=== What is needed ===
From the listing that follows, reproduce only the lines from the one holding "Formato De Curriculum" through the one holding "Мягкая кровать Оливия", both included, with no pictures.

=== The data ===
┌────────

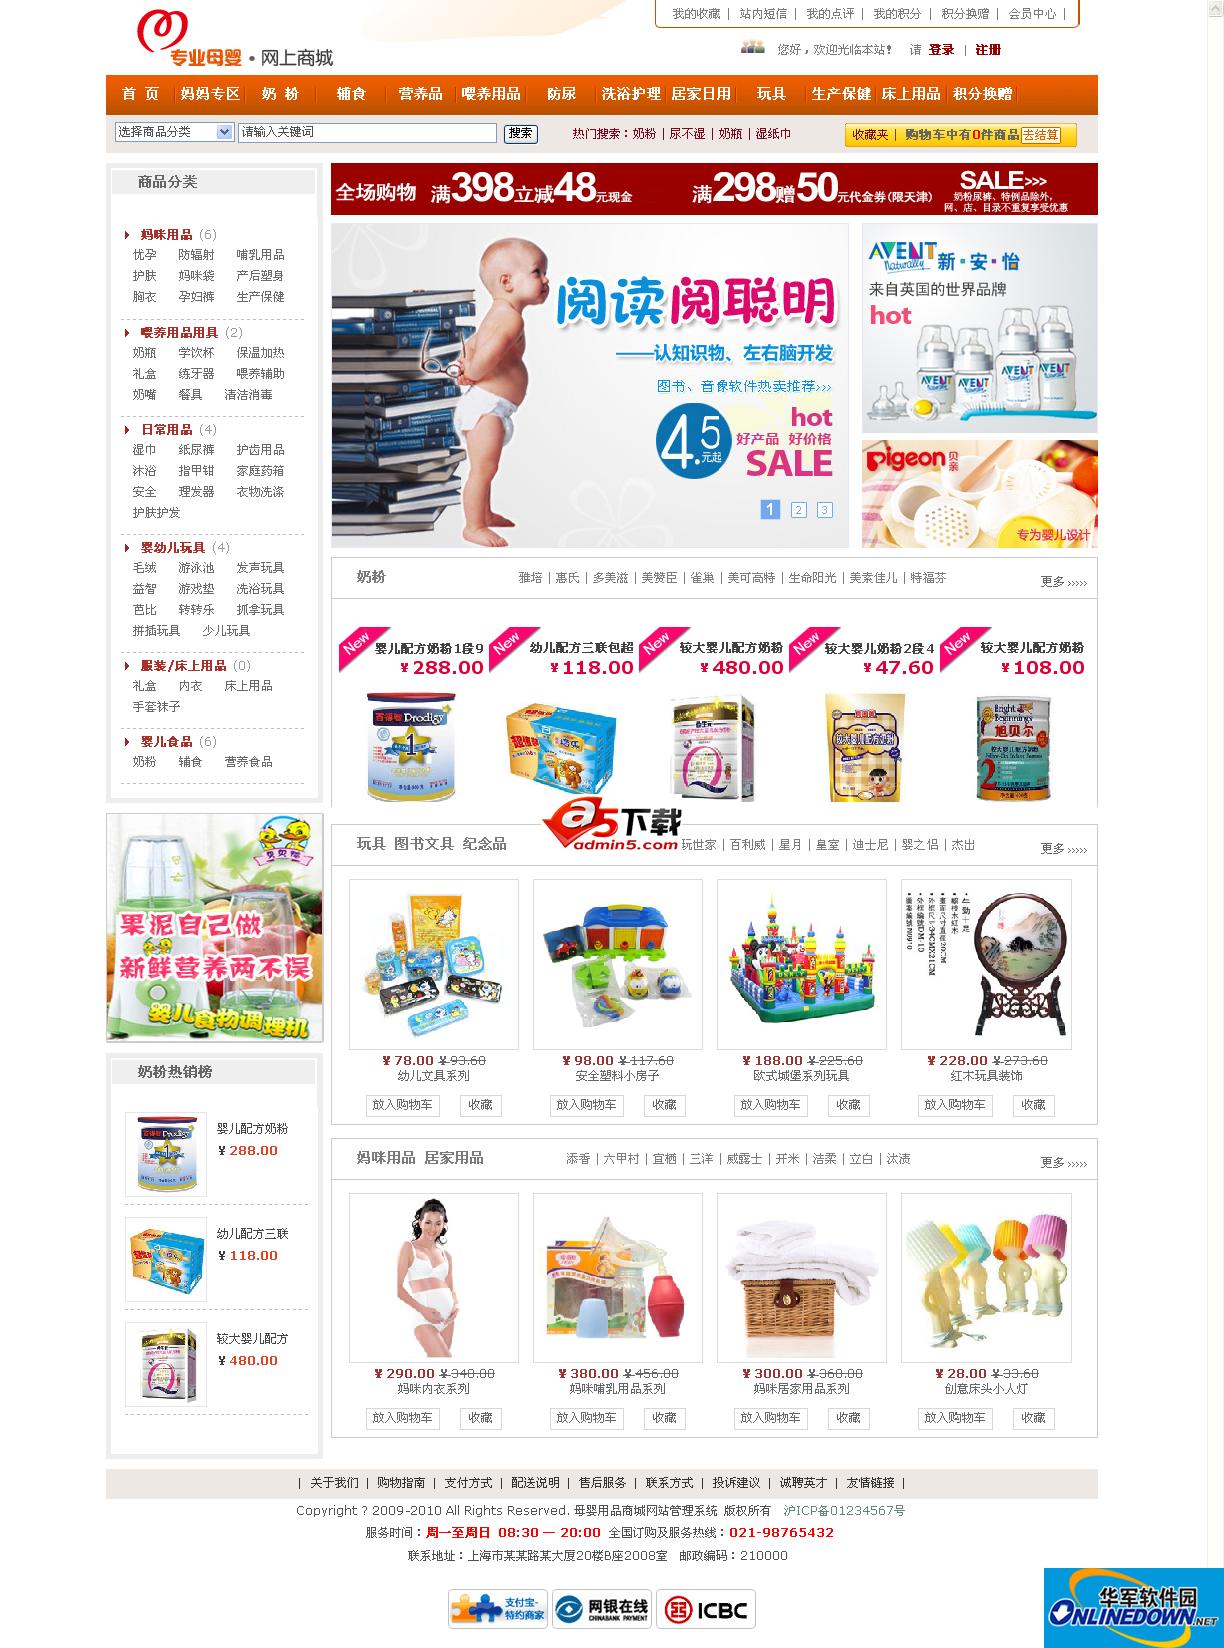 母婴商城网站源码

└────────
┌────────

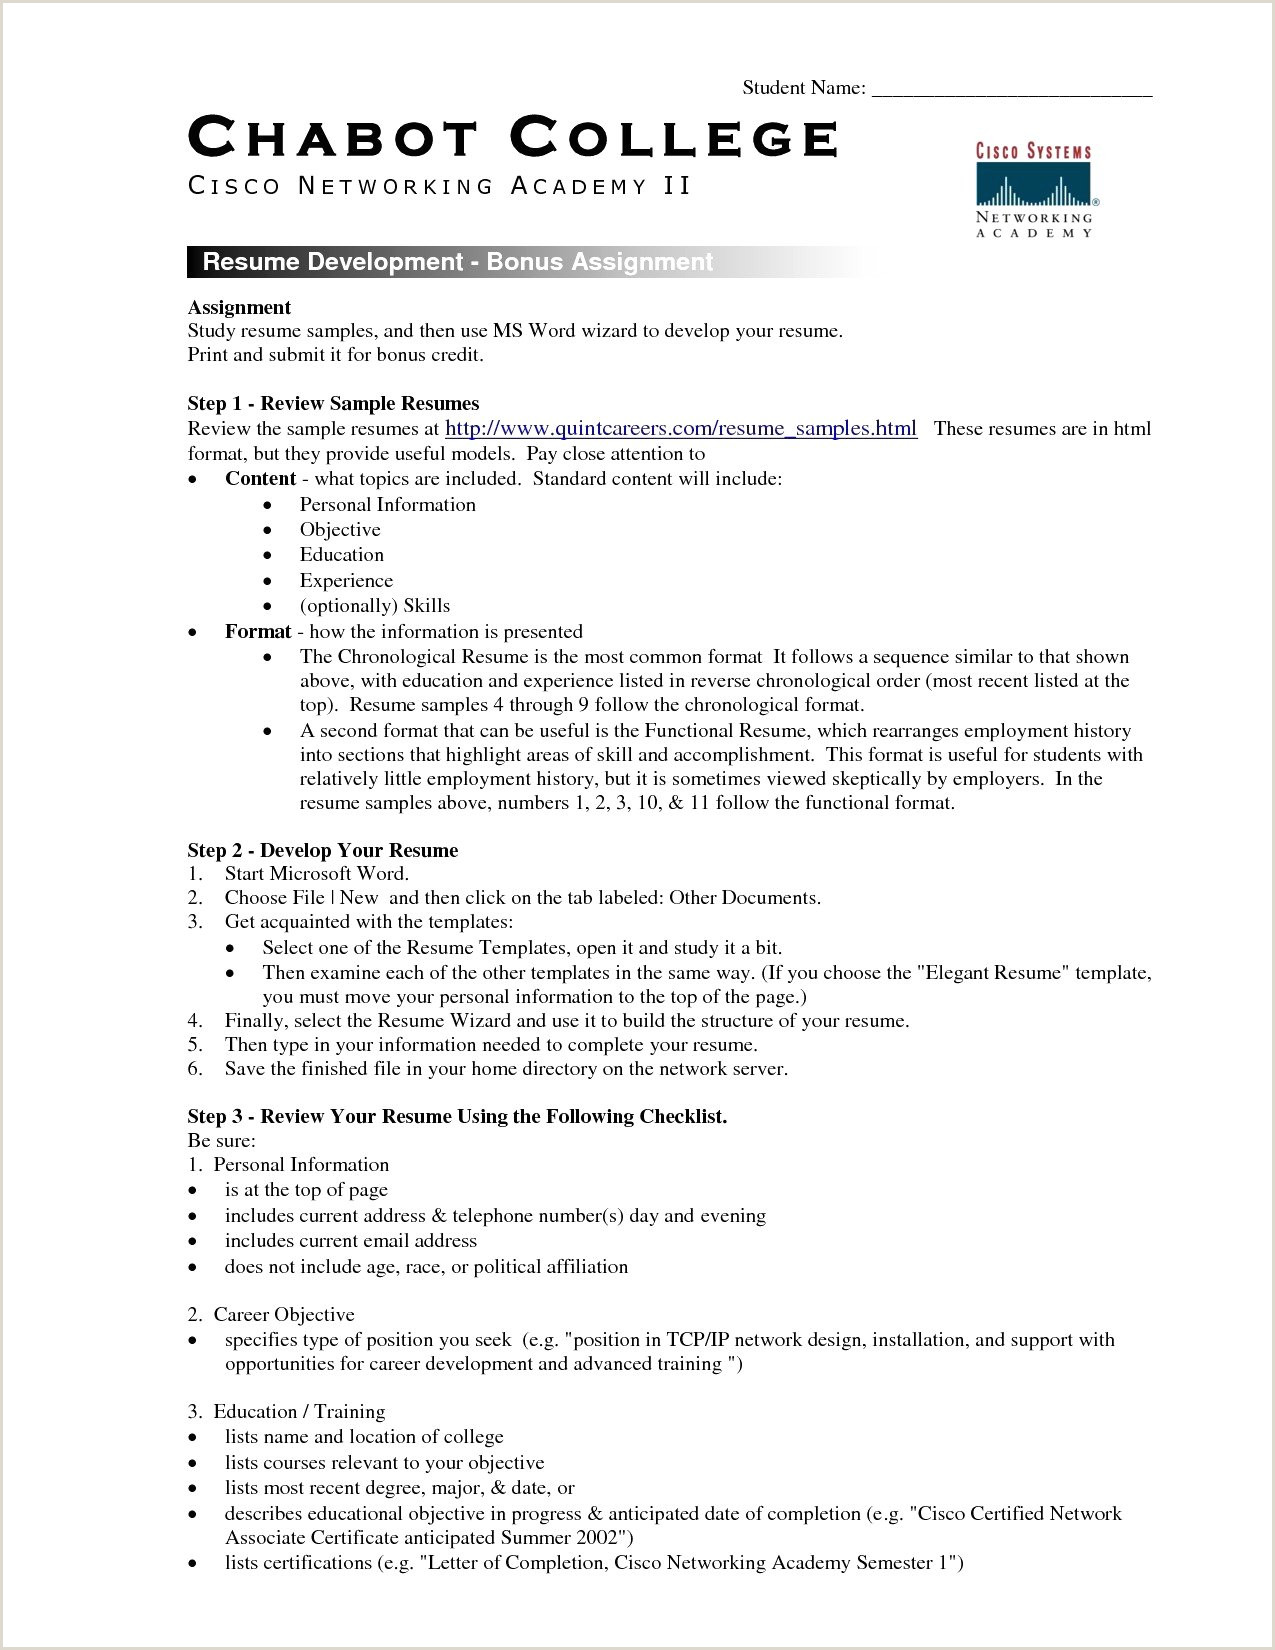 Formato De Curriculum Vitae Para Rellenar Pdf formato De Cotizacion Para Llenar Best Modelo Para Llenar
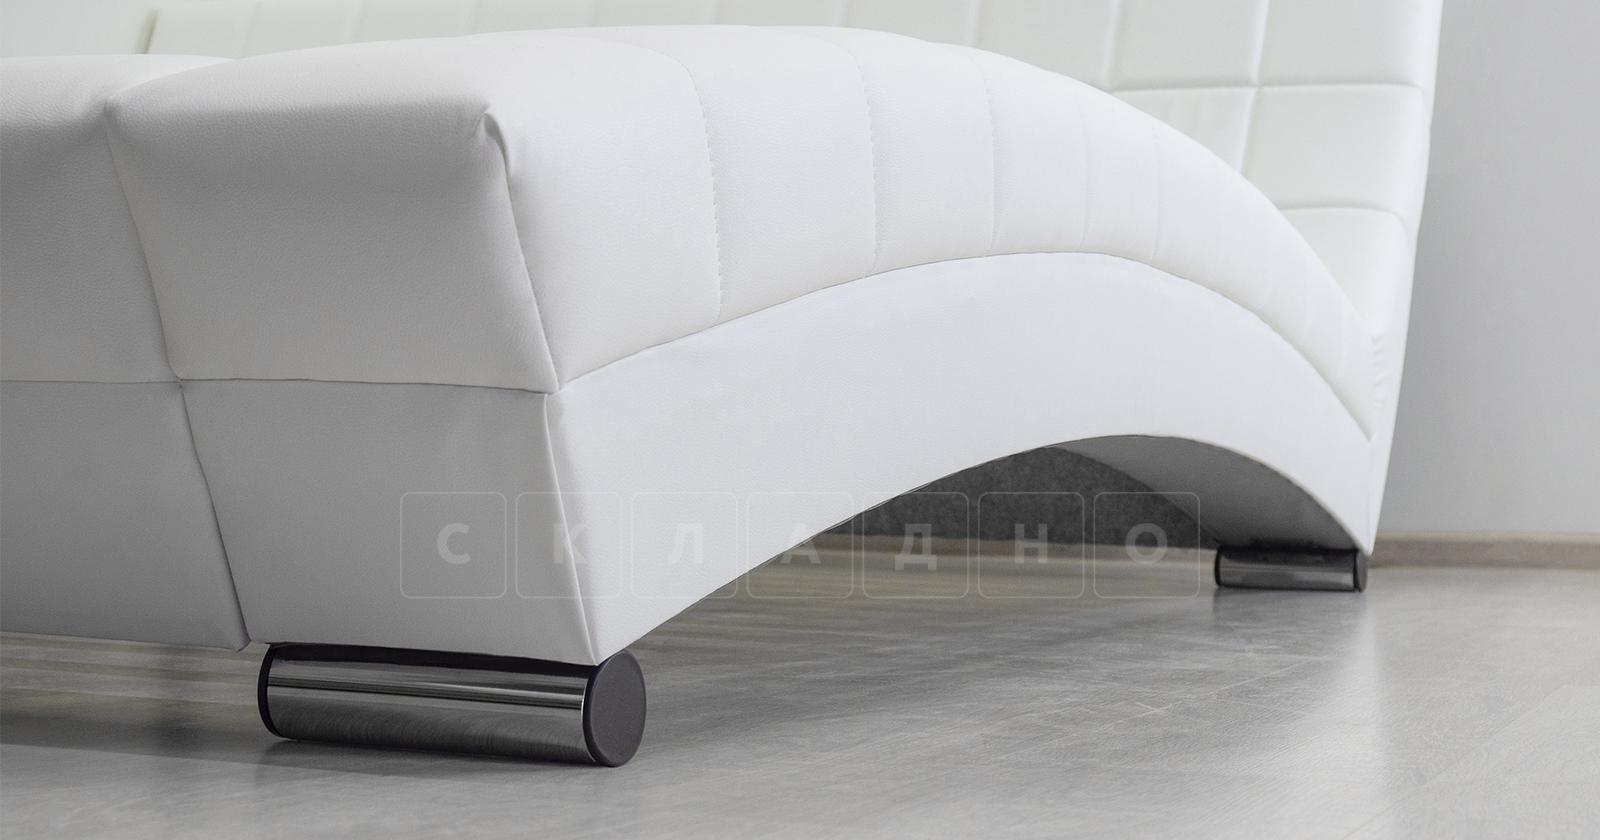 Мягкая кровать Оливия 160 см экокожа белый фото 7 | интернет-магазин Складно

└────────

=== Result below ===
 Formato De Curriculum Vitae Para Rellenar Pdf formato De Cotizacion Para Llenar Best Modelo Para Llenar
 Мягкая кровать Оливия 160 см экокожа белый фото 7 | интернет-магазин Складно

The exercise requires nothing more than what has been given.